Manual only. Recommended local flow:

export BATCHOR_RUN_LIVE_TESTS=1
export BATCHOR_LIVE_OPENAI_MODEL=gpt-5-nano
uv run pytest tests/integration/test_batchor_live_openai.py --no-cov -q

Minimum single-item live smoke:

export BATCHOR_RUN_LIVE_TESTS=1
uv run pytest tests/integration/test_batchor_live_openai.py -k text_job_smoke --no-cov -q

Behavior:

runs a single-item text smoke and a two-CSV composition smoke against the real OpenAI Batch API
uses SQLite durability and the normal BatchRunner flow
defaults to gpt-5-nano unless BATCHOR_LIVE_OPENAI_MODEL is set
sends no reasoning field unless BATCHOR_LIVE_OPENAI_REASONING_EFFORT is set
loads .env when present through the test harness for local use, so OPENAI_API_KEY may come from the shell or .env
is skipped unless BATCHOR_RUN_LIVE_TESTS=1
requires an OpenAI account with Batch API access and available billing quota

Live Gemini smoke¶

Manual only.
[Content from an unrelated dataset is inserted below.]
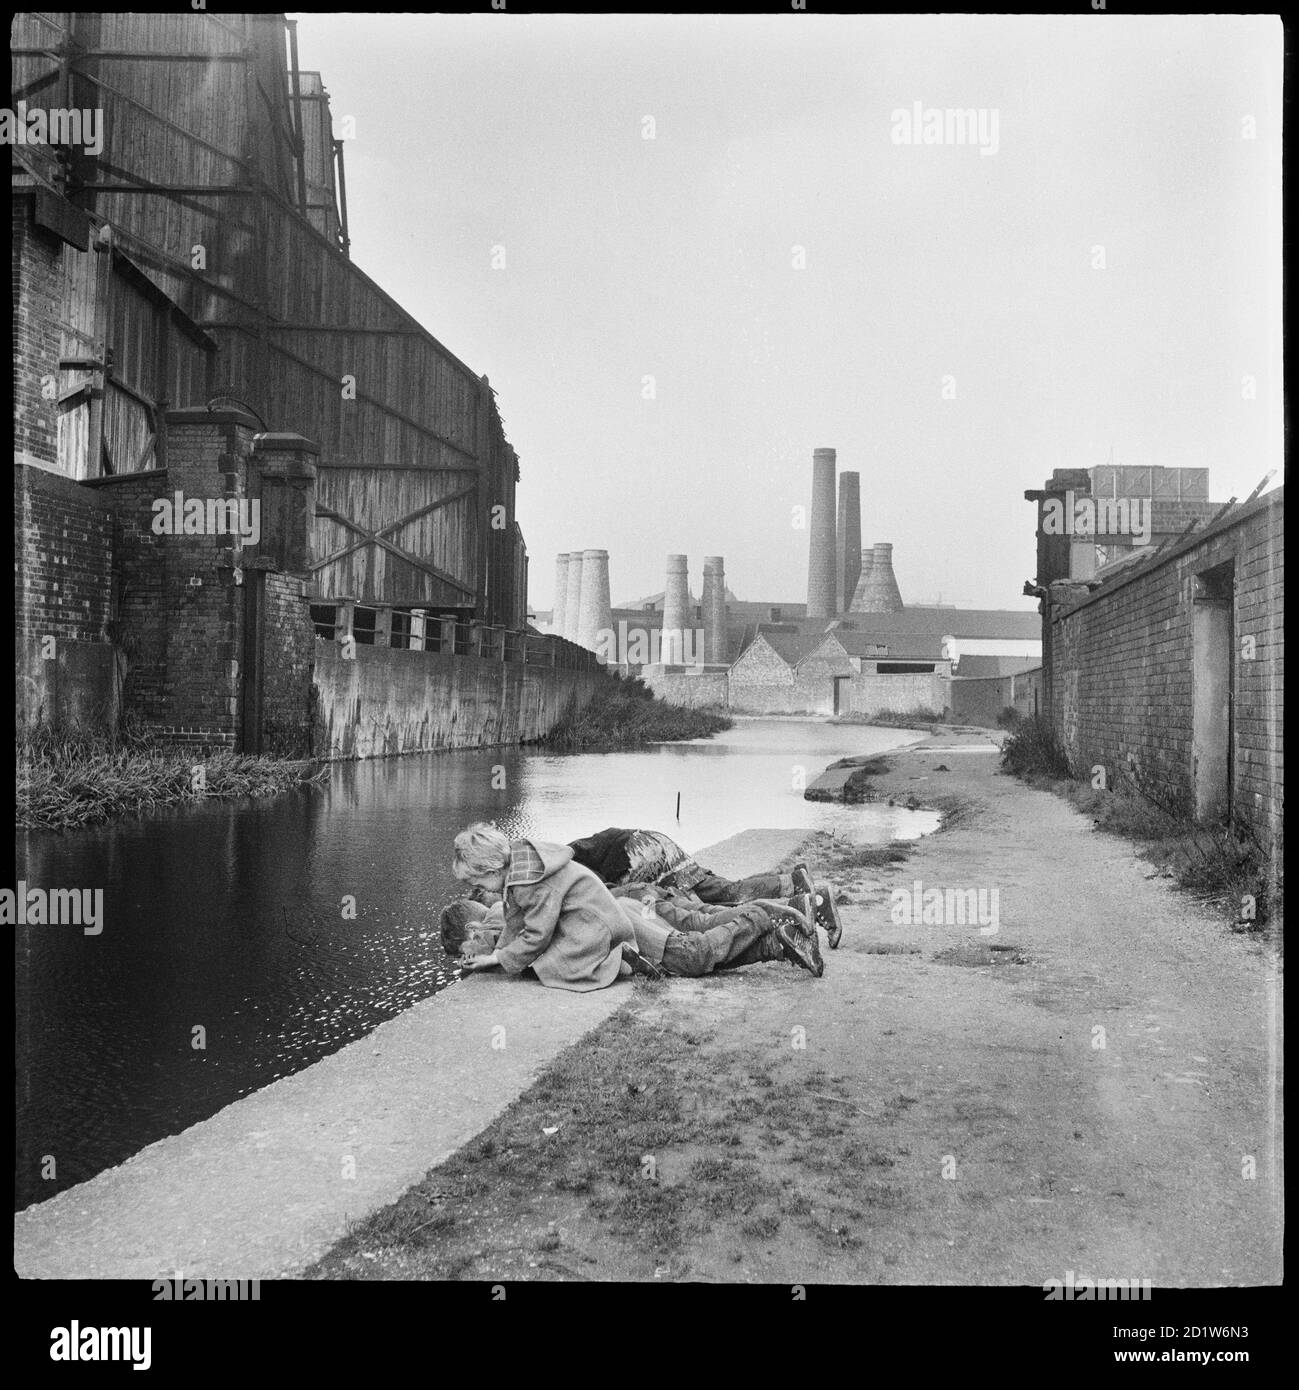 Children lying on the towpath looking into the waters of the Caldon Canal opposite the Electricity Works with Trent Works and Westwood Mills in the background, Caldon Canal, Joiner's Square, Hanley, Stoke-on-Trent, Staffordshire, UK. Stock Photo

This runs three one-item jobs through the normal SQLite-backed runtime: Developer API inline, Developer Files API, and Vertex GCS. Developer files and temporary GCS objects are removed afterward:

export GOOGLE_CLOUD_PROJECT="my-project"
export GOOGLE_CLOUD_LOCATION="europe-west8"
export GOOGLE_GENAI_USE_VERTEXAI="true"
export BATCHOR_LIVE_GEMINI_GCS_URI="gs://my-bucket/batchor-live"
export BATCHOR_RUN_LIVE_GEMINI=1
uv run --extra gemini pytest tests/integration/test_batchor_live_gemini.py --no-cov -q

The root .env or shell must also provide GEMINI_API_KEY with available Developer API billing/prepayment credits. The bucket must be writable by the active Application Default Credentials and should be in the same region as the Vertex job. The tests default to gemini-2.5-flash and a 30-minute timeout; override them with BATCHOR_LIVE_GEMINI_DEVELOPER_MODEL, BATCHOR_LIVE_GEMINI_MODEL, and BATCHOR_LIVE_GEMINI_TIMEOUT_SEC.

Cost controls:

three total items across the Gemini live transports
text output only
manual/local only
not part of default CI or release automation

Live Anthropic smoke¶

Manual only. This submits one minimal text request through the normal SQLite-backed runtime:

export BATCHOR_RUN_LIVE_ANTHROPIC=1
uv run --extra anthropic pytest tests/integration/test_batchor_live_anthropic.py --no-cov -q

The root .env or shell must provide ANTHROPIC_API_KEY. The test defaults to claude-haiku-4-5, 64 output tokens, and a 15-minute timeout. Override these with BATCHOR_LIVE_ANTHROPIC_MODEL and BATCHOR_LIVE_ANTHROPIC_TIMEOUT_SEC.